[Start of section]

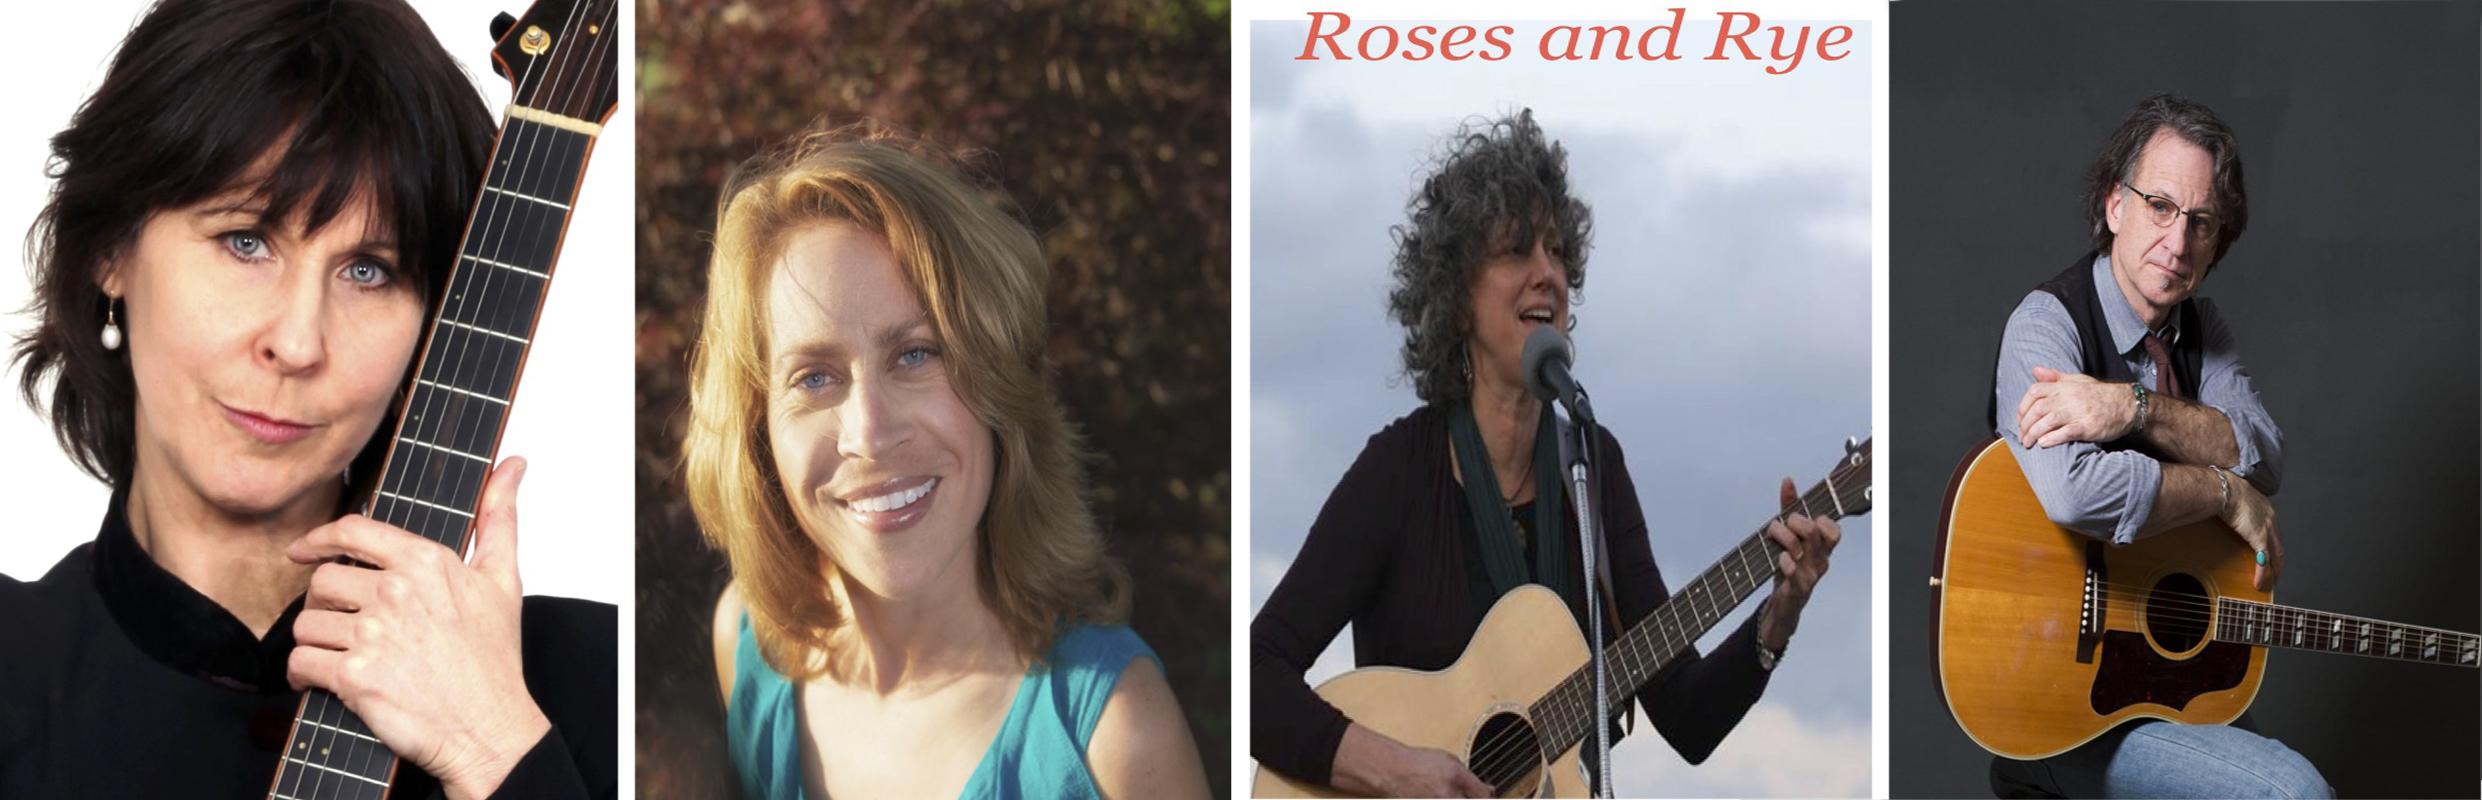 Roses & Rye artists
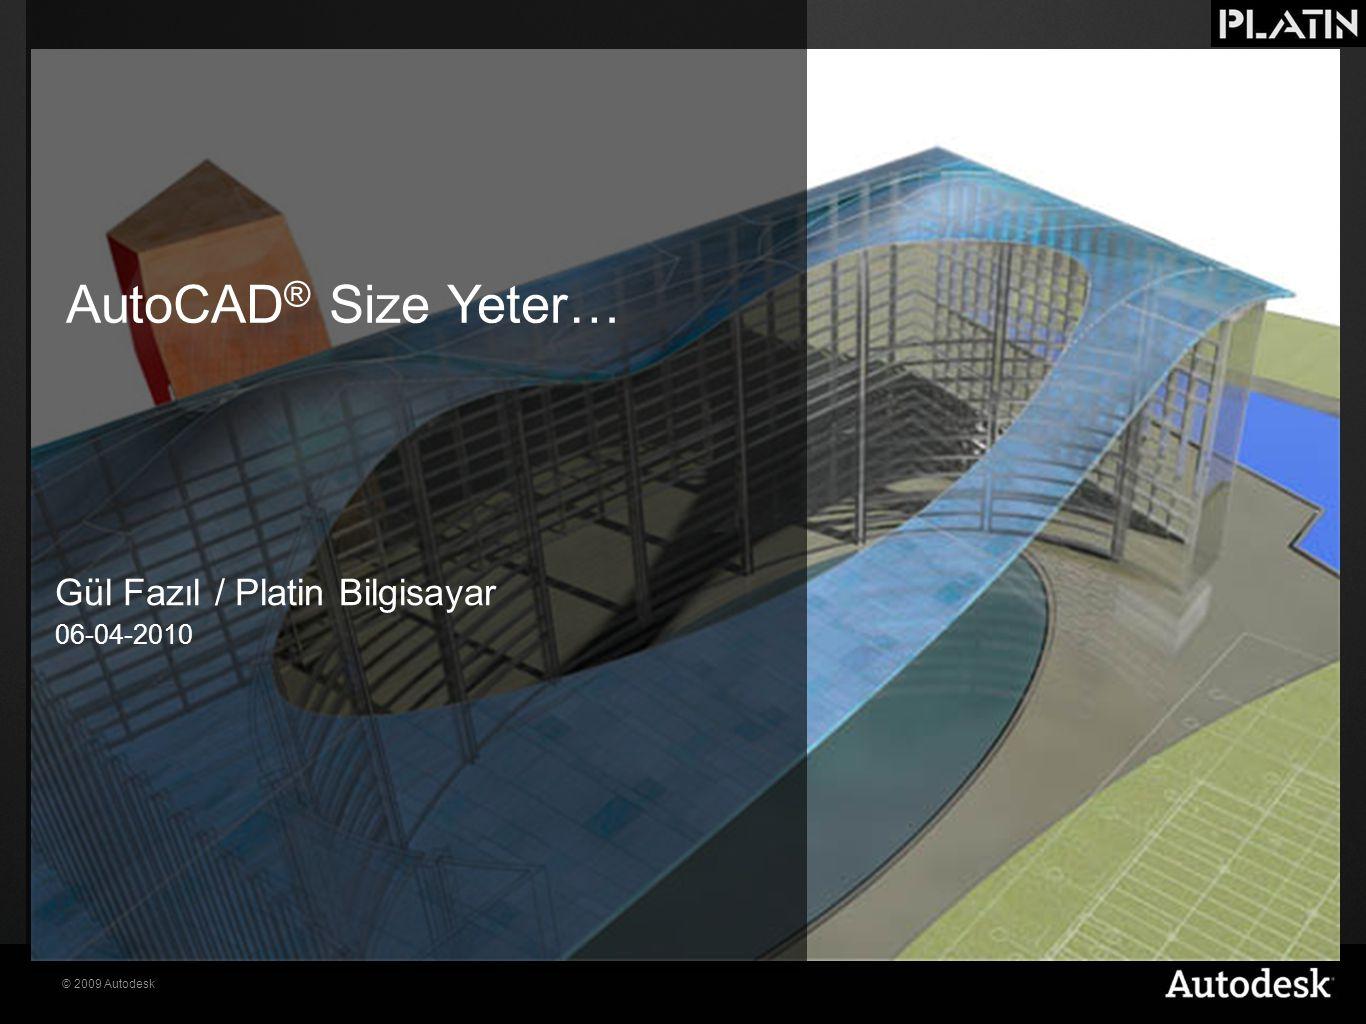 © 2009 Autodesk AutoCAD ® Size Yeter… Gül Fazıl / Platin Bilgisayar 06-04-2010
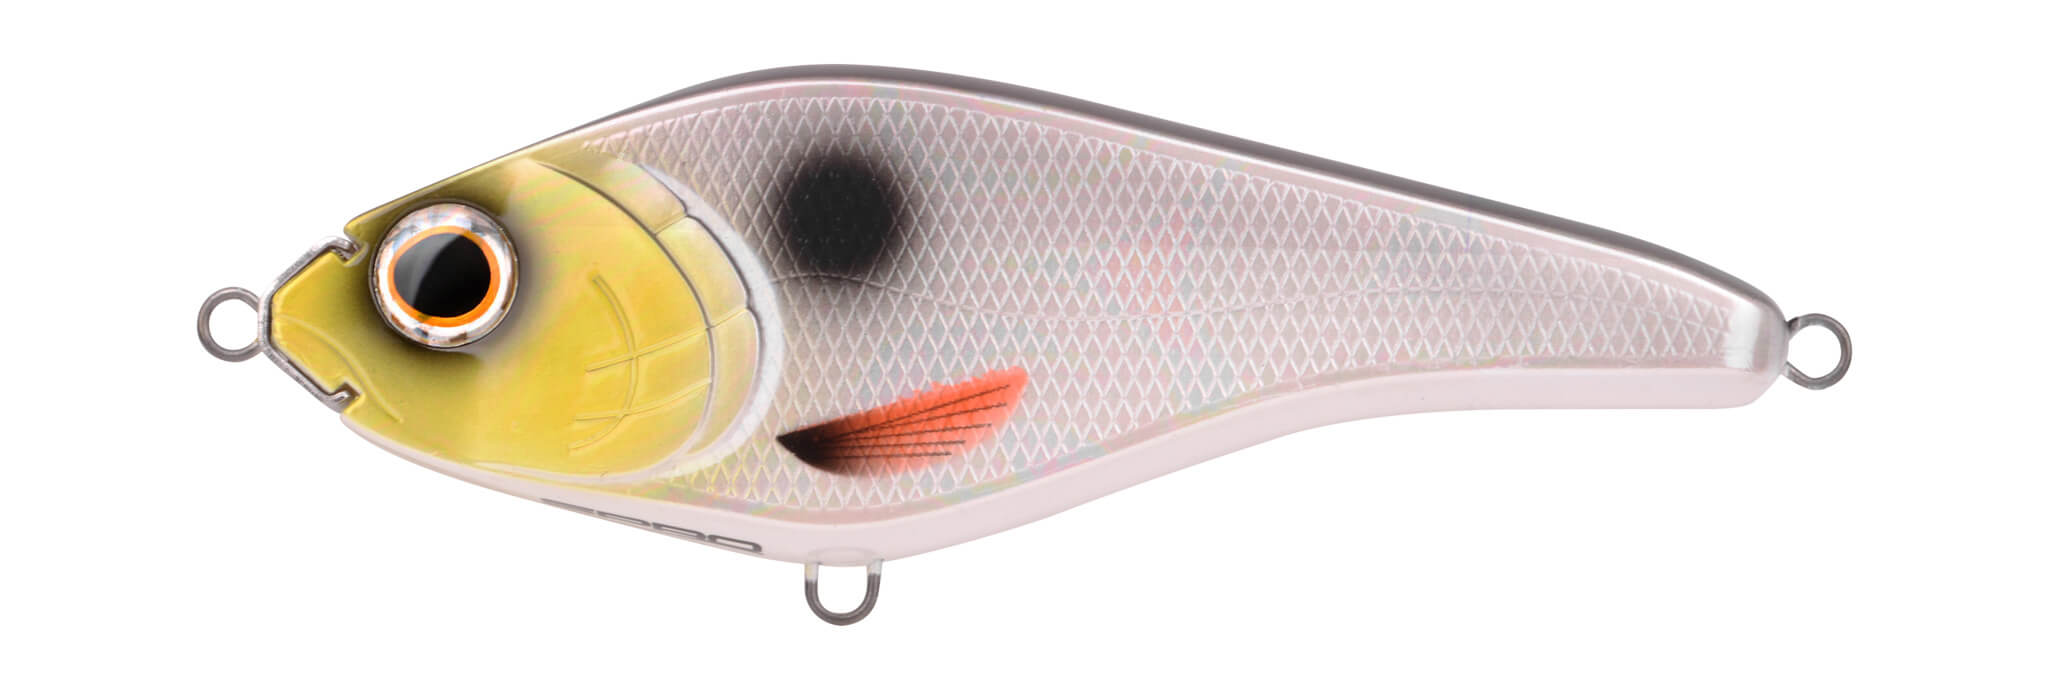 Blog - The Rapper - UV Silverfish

[End of section]

# TASK REQUIREMENTS
The material above must be reproduced line for line, with the images omitted.

# RESPONSE TO THE EXERCISE
 Roses & Rye artists
 © 2009 Autodesk AutoCAD ® Size Yeter… Gül Fazıl / Platin Bilgisayar 06-04-2010
 Blog - The Rapper - UV Silverfish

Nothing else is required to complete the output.